You were close when you asked if the operation is atomic. It is, but your problem is that it's not sufficiently isolated from other statements that run.

You might ask yourself why this occurs. The answer is scalability. Operations that aren't as isolated don't require the level of locks as those that are more isolated. By being "looser" with the locks, you cut the lock contention on the system and the system becomes more scalable.

When you increase your transaction isolation level to REPEATABLE READ, the database server automatically puts the proper locks on objects to ensure that no other transaction can change what your transaction reads while it's reading it. By putting the UPDLOCK hint on the table, you have essentially manually increased the isolation level of your transaction.

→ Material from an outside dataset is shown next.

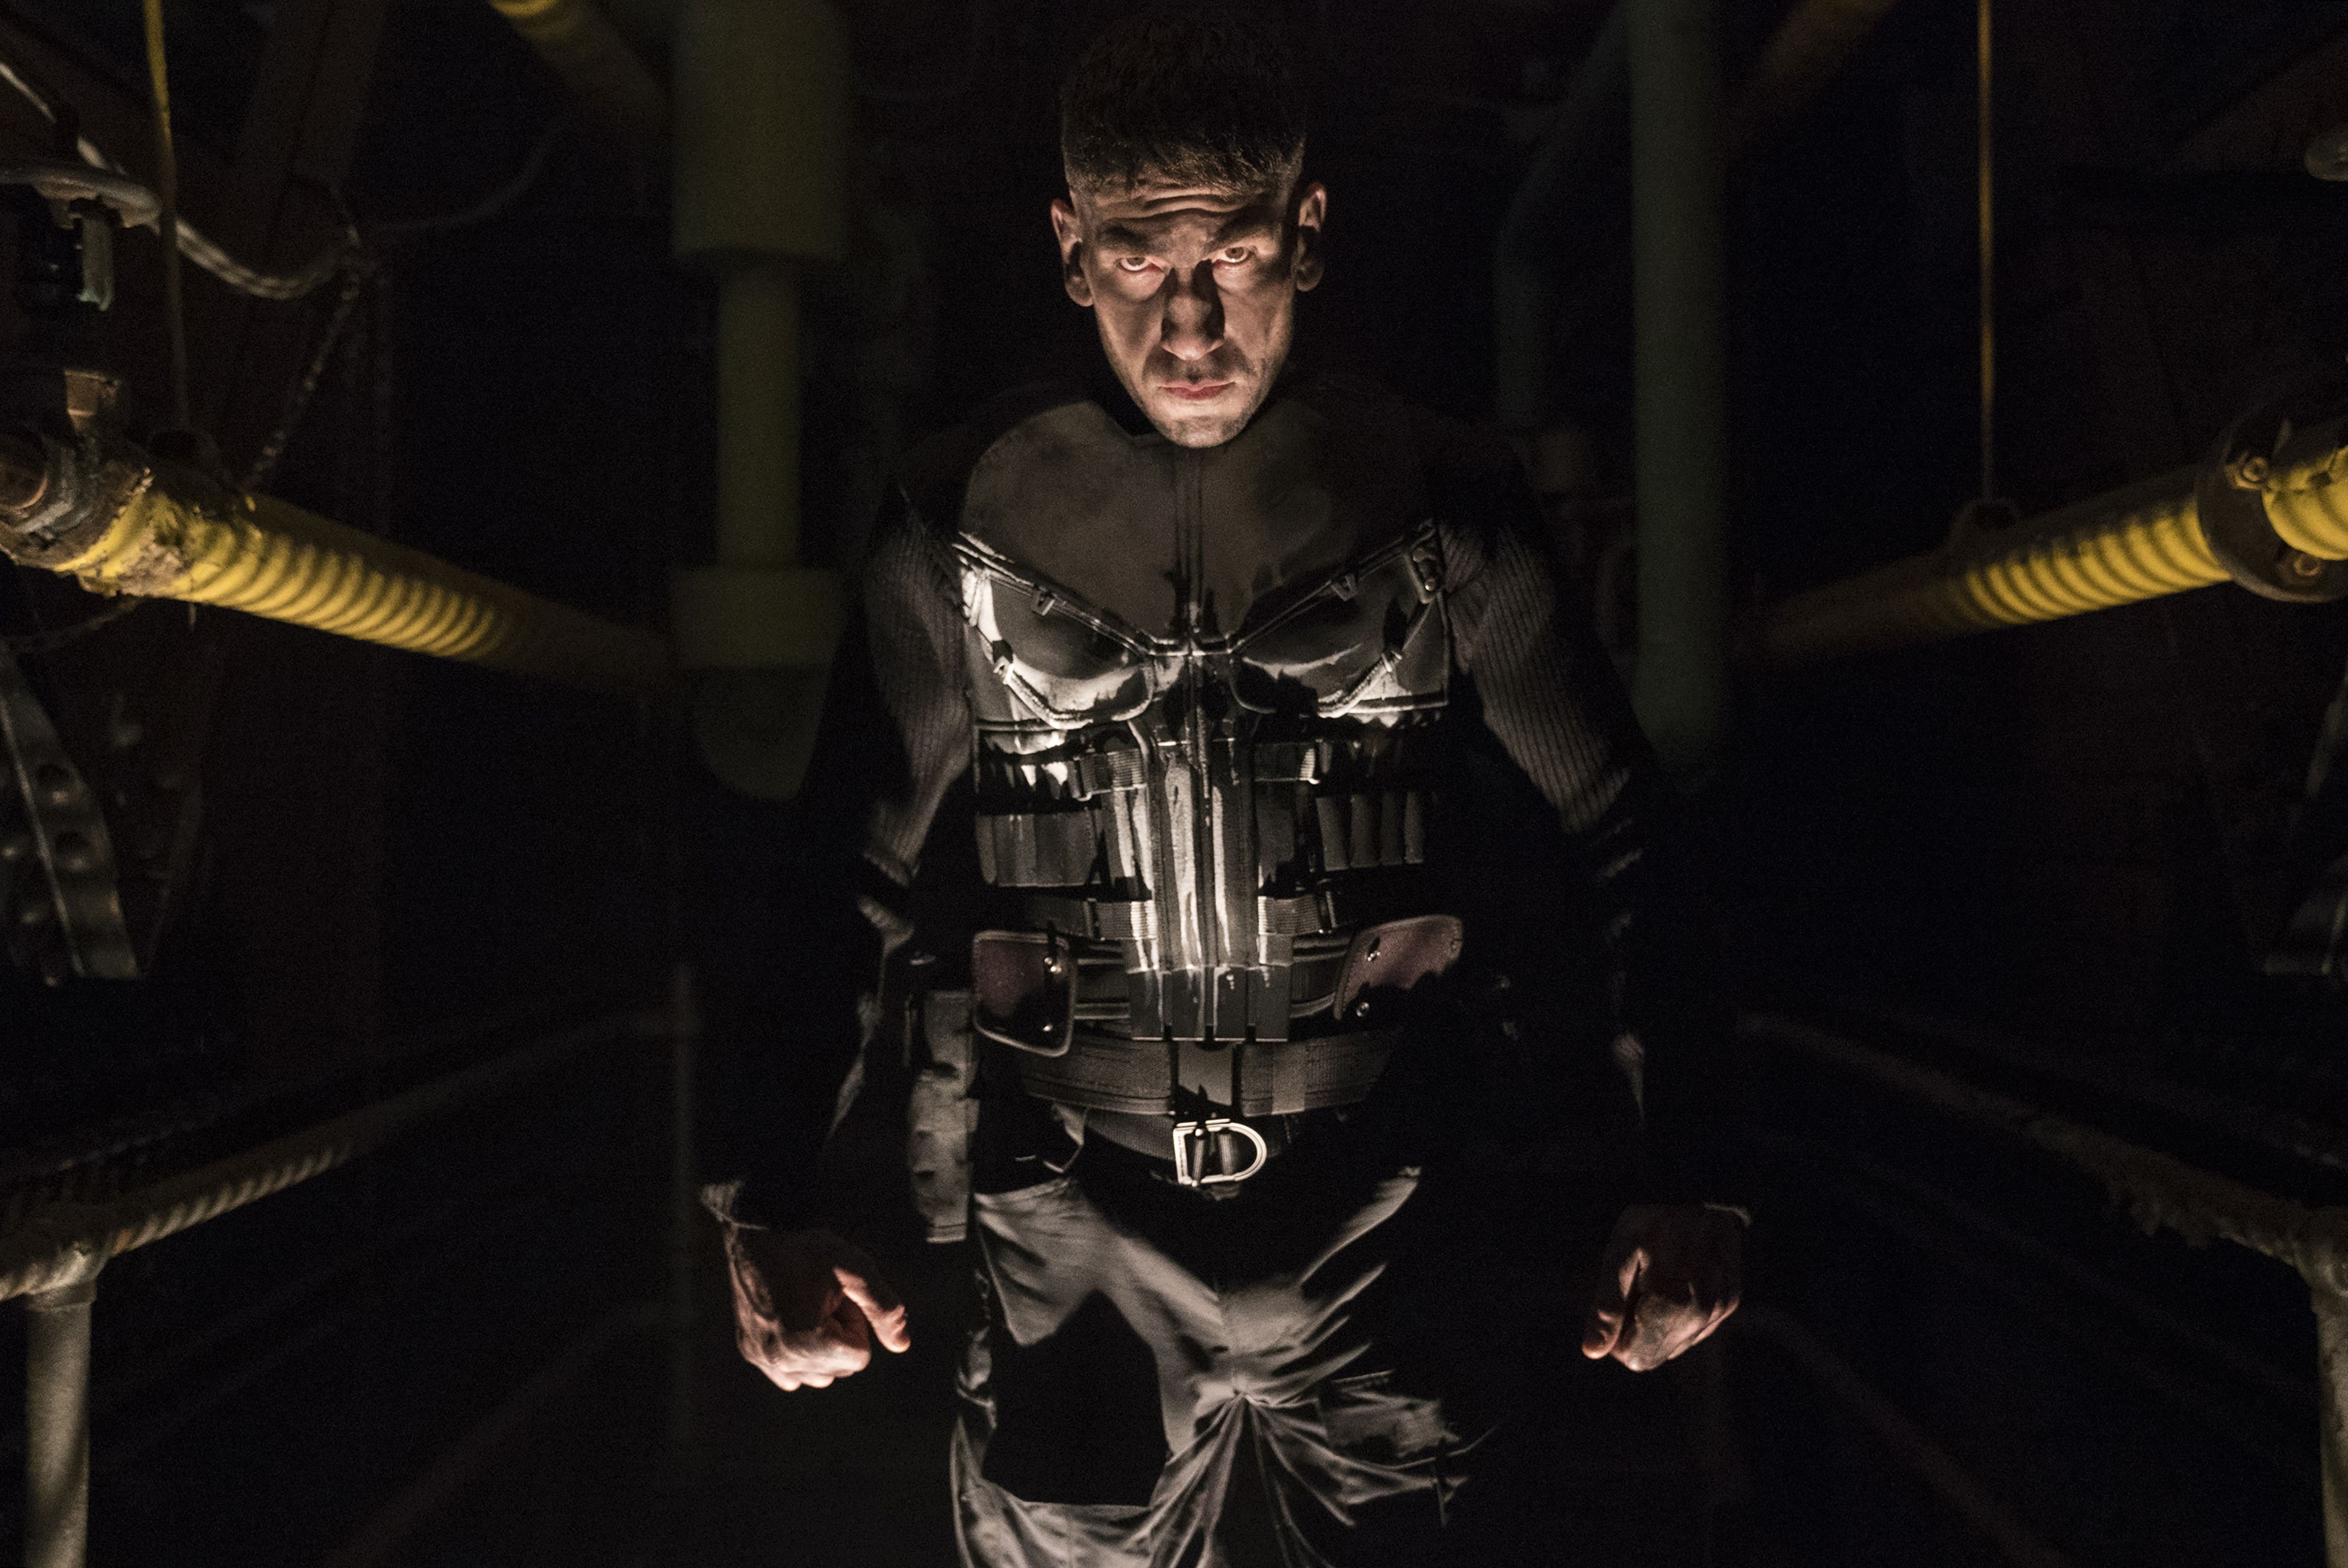 Netflix is bringing The Punisher back for a second season

I hope this clears up a bit of conceptual stuff. Oh, and one more thing. If you're using connection pooling, make sure to set the transaction isolation level back to READ COMMITTED (which is usually the default) at the end of your statement, or future statements executed against that pooled connection may also run in the higher isolation level, which could cause your system to scale poorly.

(also see gbn's answer, which has the benefit of using less locks, but for your specific situation should be adequate)

Dave Markle
Thanks - I take your point about locking hints being smelly. I'll definately just use your suggestion for the general case, but I think I'm gonna go with gbn's more direct approach in this particular case.
Adam